Dalam Islam, misalnya, kita ingat sabda Nabi yang mengaitkan cinta dengan keimanan,
“Tidaklah (belumlah) salah seorang di antara kamu disebut beriman (sempurna) hingga dia
mencintai saudaranya seperti dia mencintai dirinya sendiri.” (HR. Al-Bukhari dari Anas bin
Malik). Pada kesempatan lain, beliau mengaitkan kasih sayang Allah dengan kasih sayang kita
terhadap makhluk-Nya, “Allah tidak akan mengasihi dan menyayangi manusia yang tidak
mengasihi dan menyayangi sesamanya.” (HR. Al-Bukhari dari Jarir bin Abdullah)

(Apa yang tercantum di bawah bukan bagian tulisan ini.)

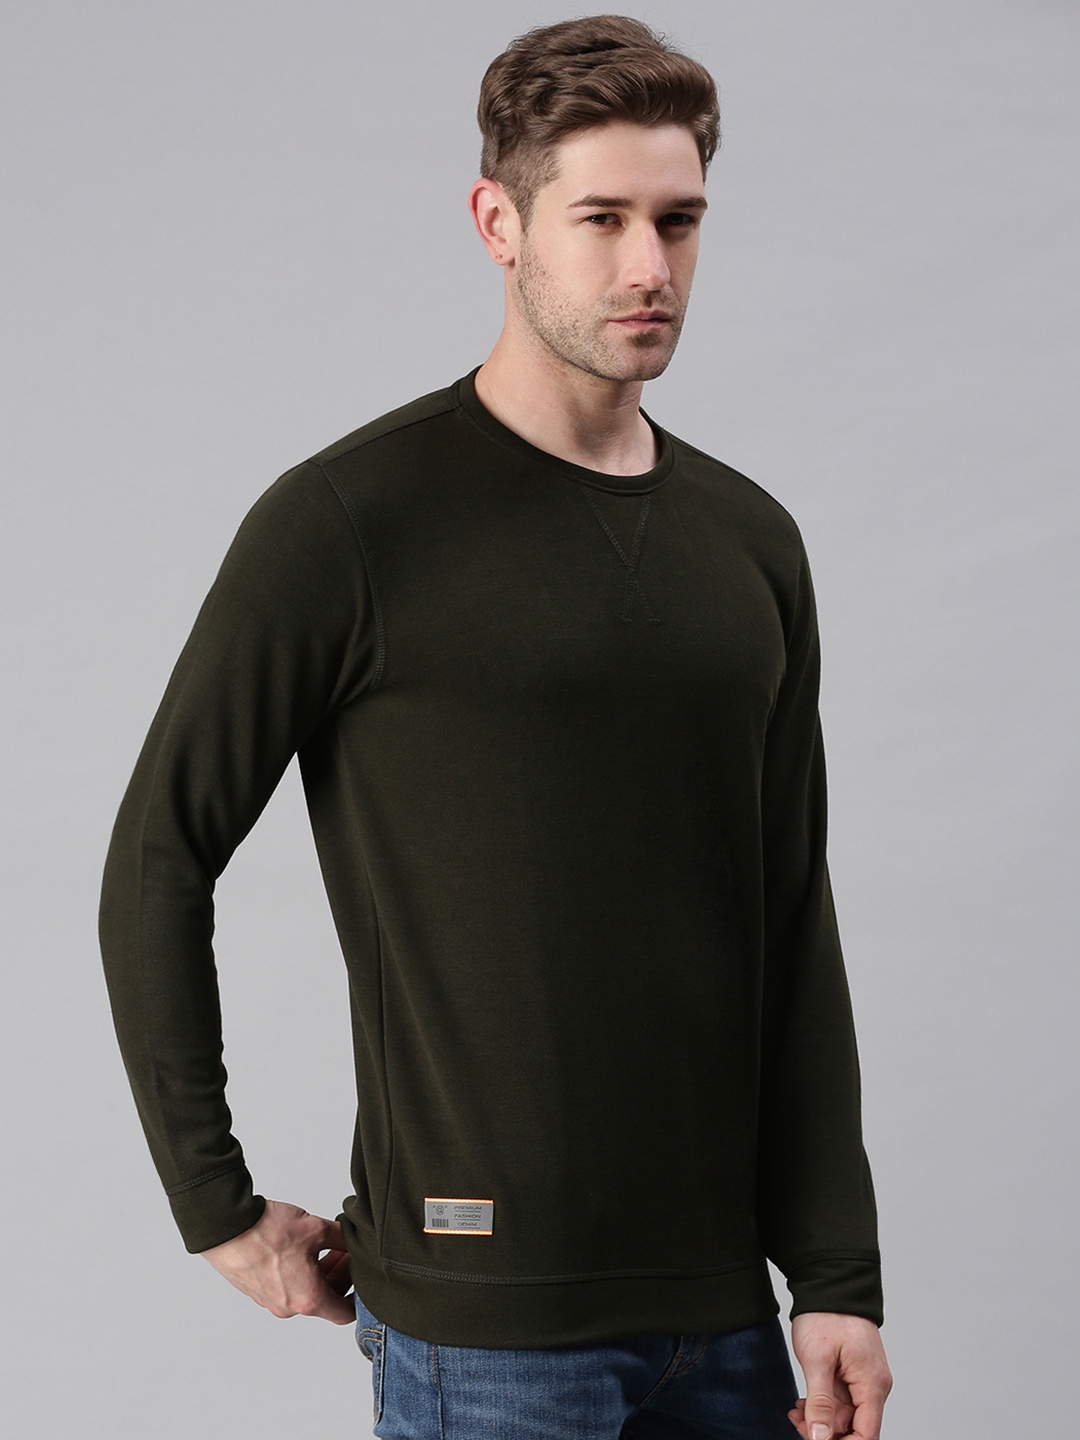 Men's Green Cotton Blend Solid Sweatshirts

Dikisahkan, Nabi mencela orang yang tidak punya rasa kasih sayang terhadap anak-anak
kecil. Abu Hurairah menuturkan, Nabi pernah mencium Husain. Ketika itu, di dekat beliau,
duduk seorang sahabat bernama Aqra bin Habis At-Tamimi. Melihat beliau mencium cucunya,
Aqra berkata, “Aku mempunyai sepuluh anak, tapi saya tidak pernah mencium satu pun dari
mereka.” Mendengar hal itu, beliau melihat ke arahnya, lalu bersabda, “Siapa saja yang tidak
punya rasa kasih sayang, maka ia tidak akan dikasihi dan disayangi.” (HR. Al-Bukhari)

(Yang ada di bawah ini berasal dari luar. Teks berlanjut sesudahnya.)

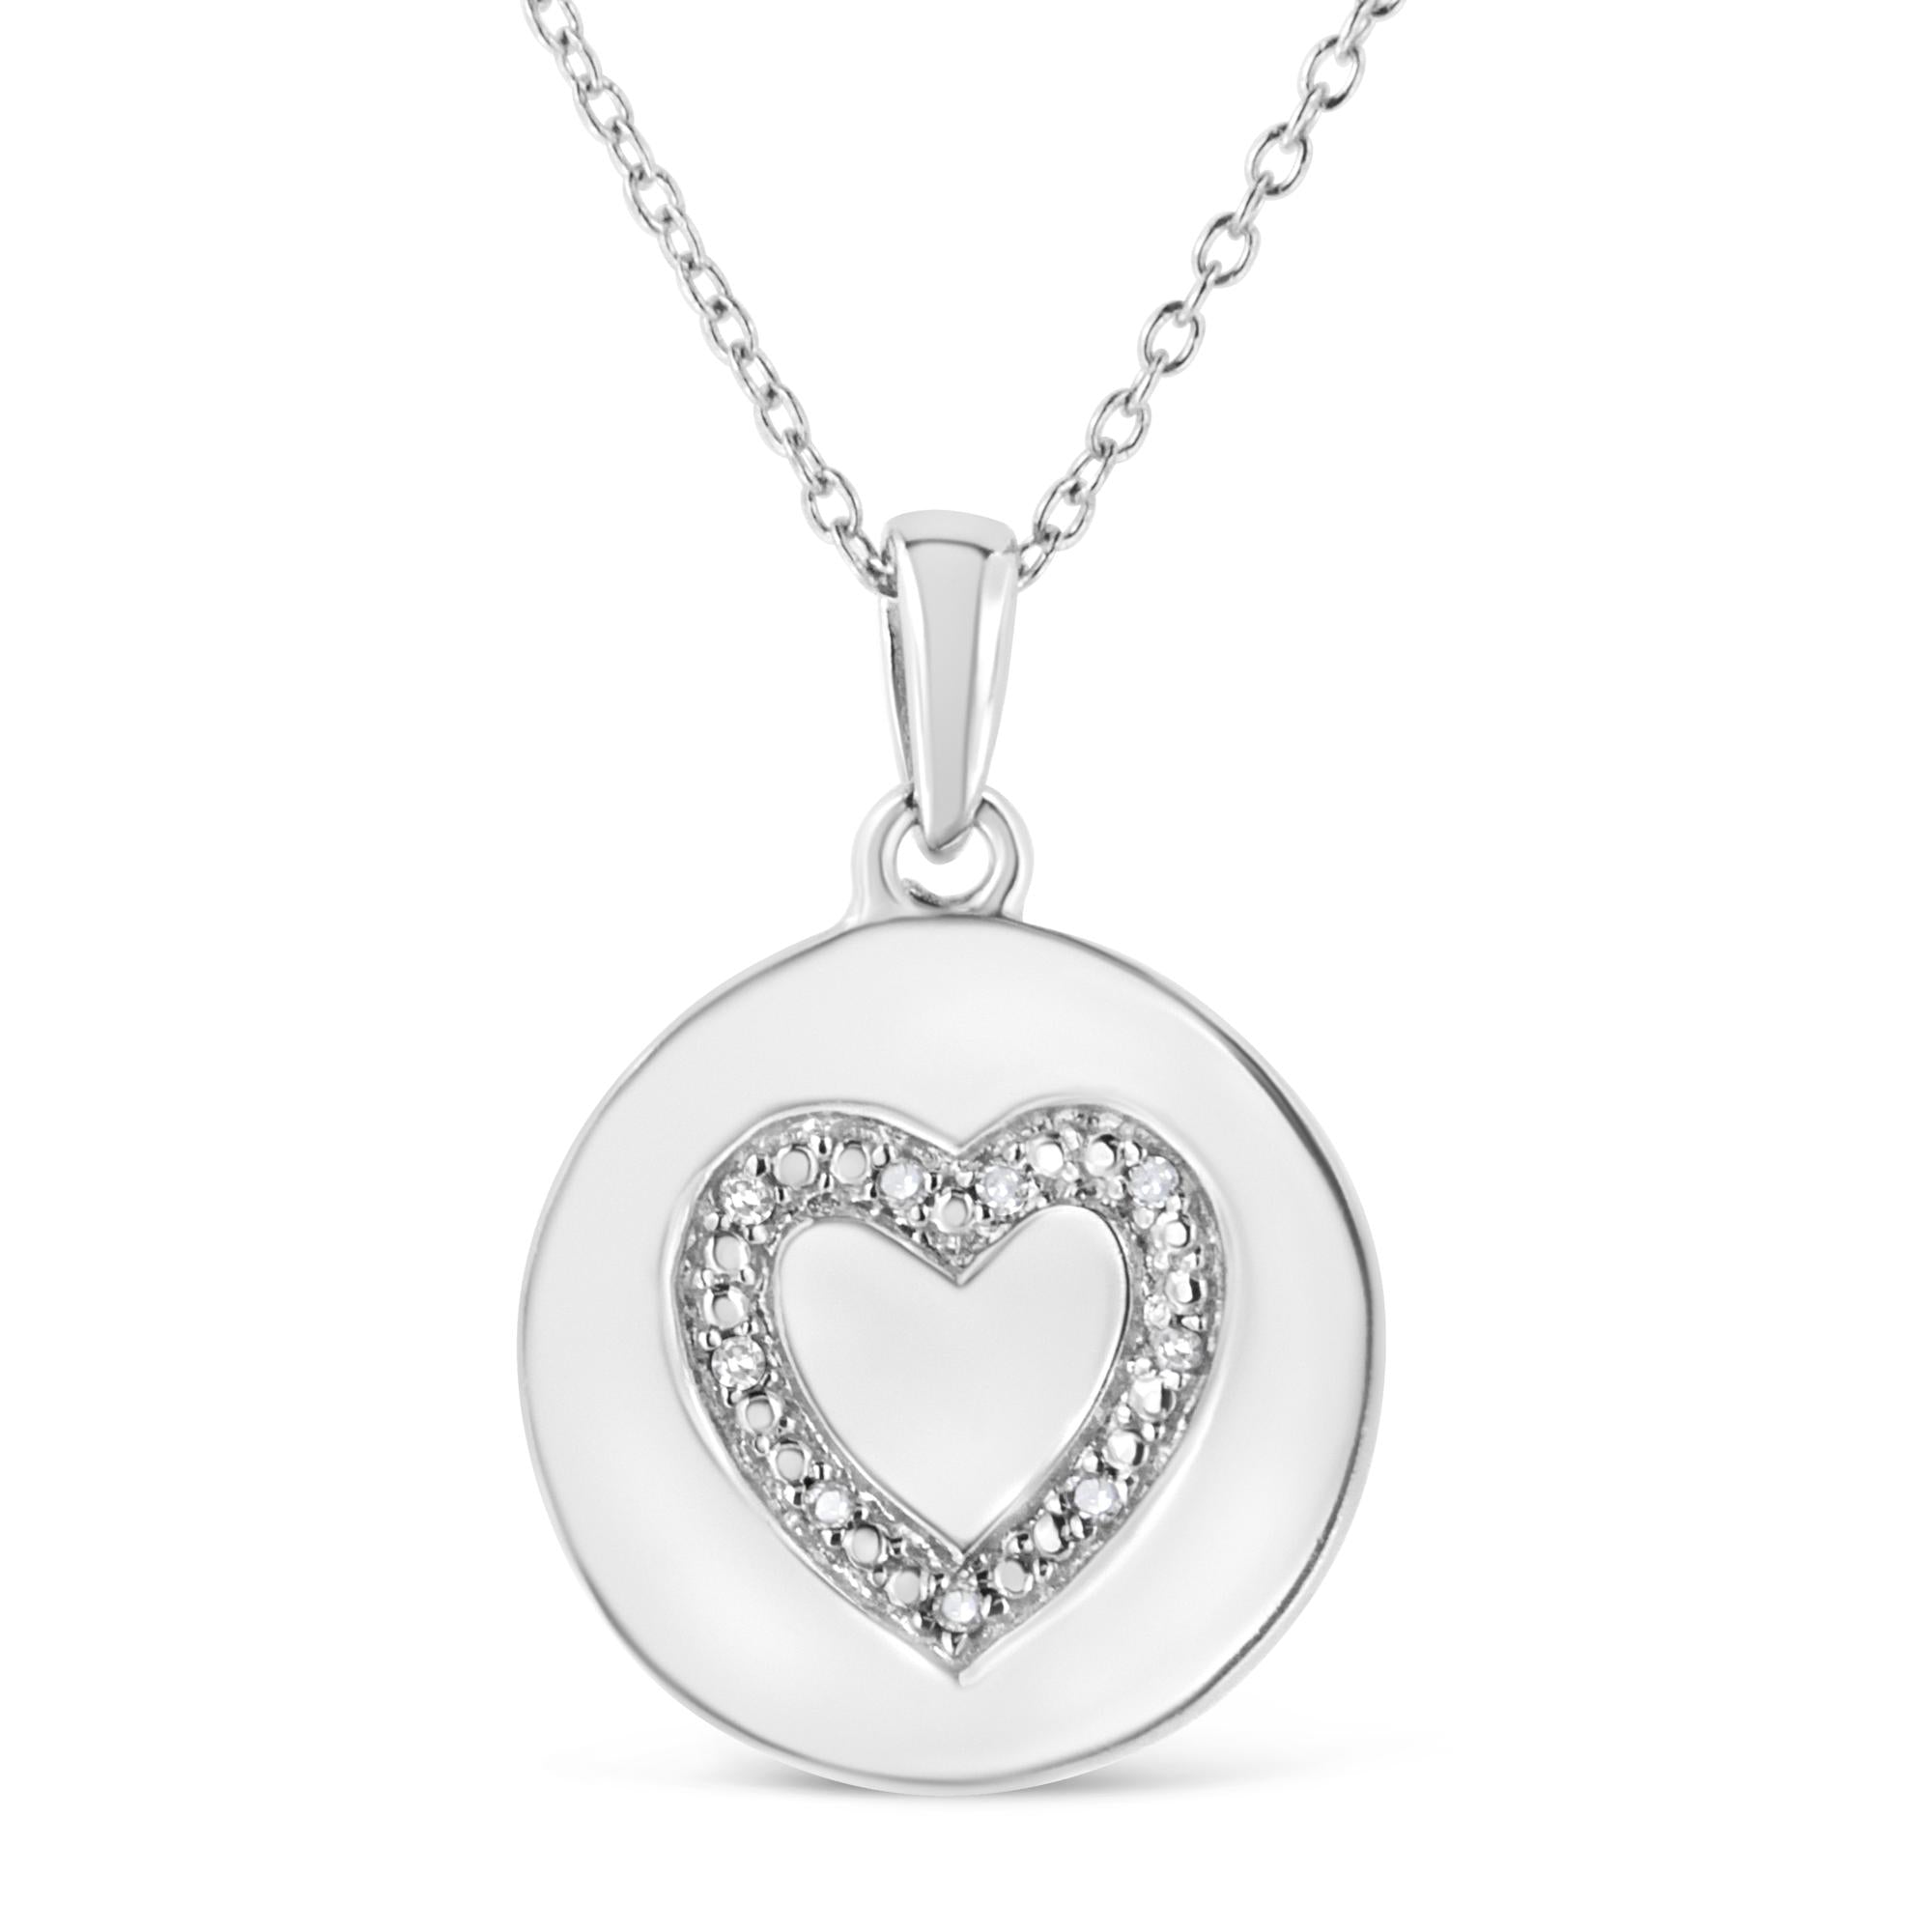 ''.925 Sterling Silver Prong-Set Diamond Accent Heart Emblemed 18'''' Pendant Necklace (I-J Color, I1-I

Terhadap hewan, kita juga diperintahkan untuk mengasihi dan menyayangi. Ibnu Mas’ud
mengisahkan, suatu hari para sahabat bepergian bersama Nabi. Di tengah jalan, beliau
memisahkan diri untuk buang hajat. Saat itu para sahabat melihat induk burung bersama kedua
anaknya yang masih kecil. Mereka lalu mengambil dua anak burung itu. Induk burung pun
mengepak-ngepakkan sayapnya, gelisah. Tatkala Nabi kembali, beliau bertanya, “Siapa yang
menyakiti burung ini dengan mengambil anaknya? Kembalikan anaknya kepada sang induk!”

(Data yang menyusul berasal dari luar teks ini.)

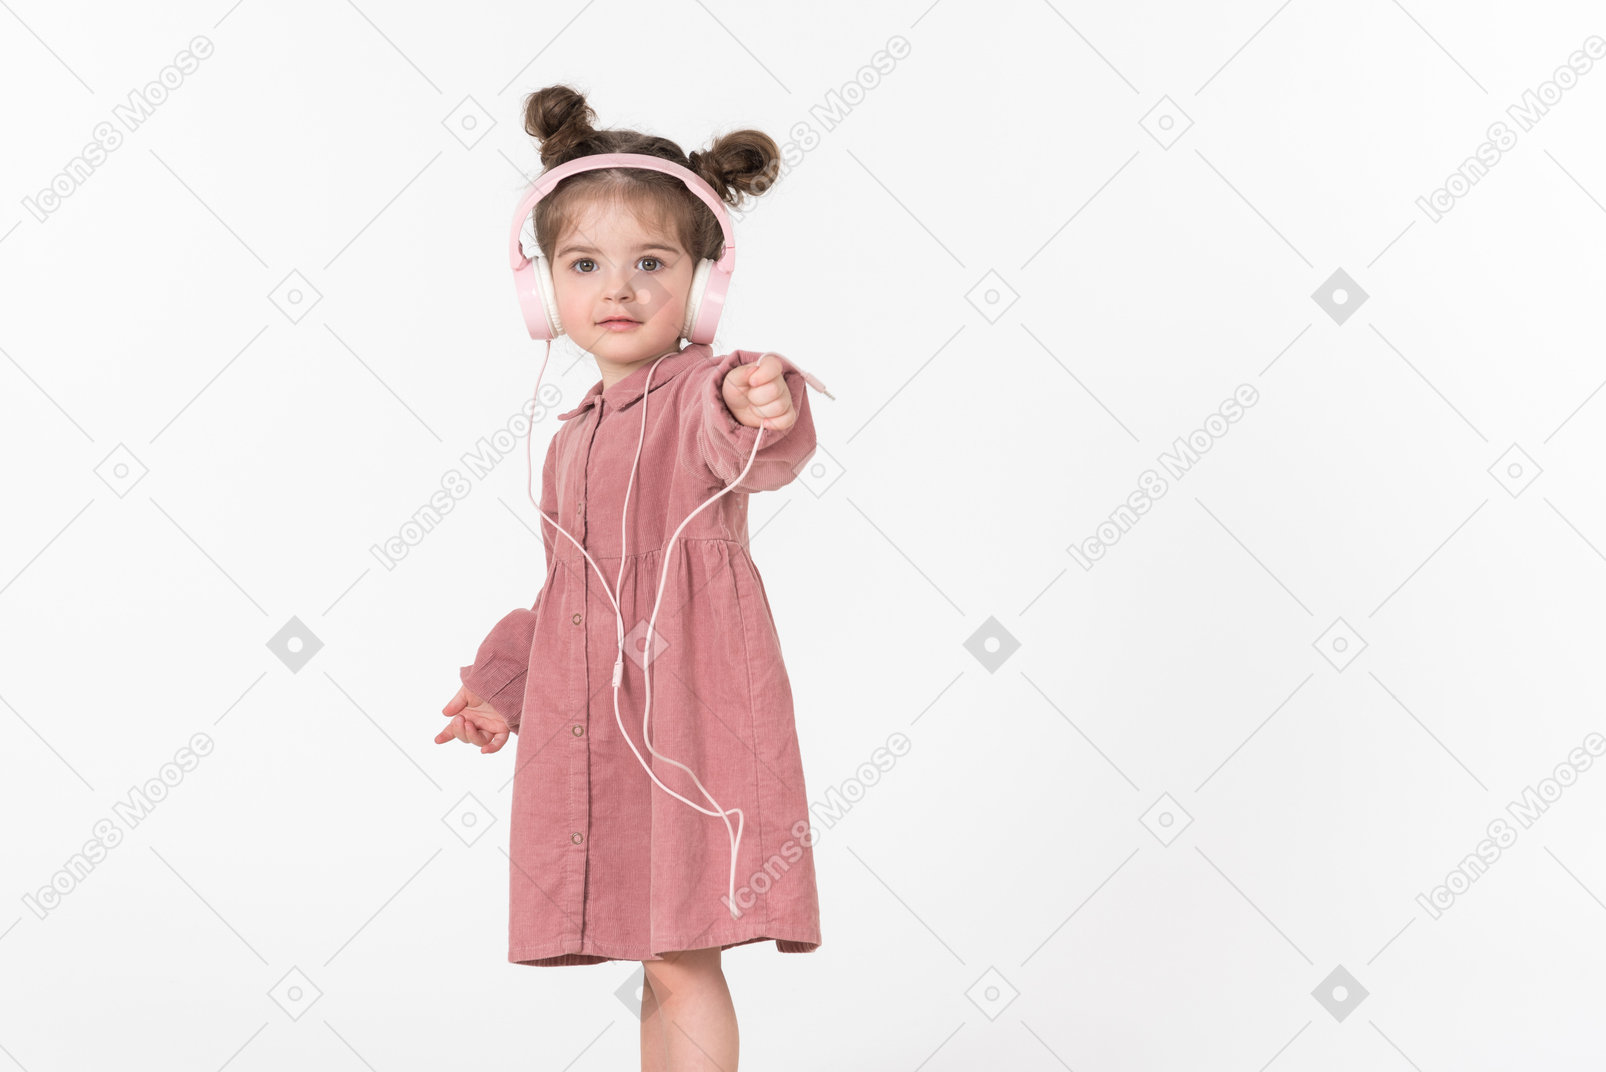 Little girl wearing headphones pointing forward

(HR. Abu Dawud). Pada kesempatan lain, beliau melihat sarang semut terbakar. Maka beliau
bertanya, “Siapa yang membakar ini?” “Kami,” jawab orang-orang. Beliau bersabda, “Tidak
pantas kalian menyiksa makhluk dengan api, kecuali Allah (di neraka).” (HR. Abu Dawud)
Terkenallah juga kisah laki-laki yang dipuji Nabi gara-gara menolong seekor anjing yang
kehausan. Abu Hurairah menuturkan, Rasulullah bersabda, “Pernah ada seorang laki-laki
bepergian jauh. Di tengah jalan, ia merasa kehausan. Tidak lama kemudian, ia menemukan
sebuah sumur, lalu turun ke dalamnya. Setelah meminum airnya, ia pun naik keluar. Tiba di atas,
seekor anjing ada di situ, menjulurkan lidahnya, mengendus-endus tanah, kehausan. Dalam
benaknya, laki-laki itu bergumam, ‘Anjing ini nasibnya sama denganku.’ Maka, ia pun kembali
turun ke dalam sumur, memenuhi sepatu kulitnya dengan air. Ia gigit sepatu itu, lalu keluar.
Selanjutnya, ia memberikannya kepada anjing itu. Atas apa yang laki-laki tadi lakukan, Allah
berterimakasih padanya dan mengampuni dosanya.” Para sahabat bertanya, “Nabi, apakah kita
akan mendapat pahala jika menolong binatang?” Beliau menjawab, “Kebaikan apa pun kepada
setiap yang punya jantung (makhluk hidup) ada pahalanya.” (HR. Al-Bukhari dan Muslim)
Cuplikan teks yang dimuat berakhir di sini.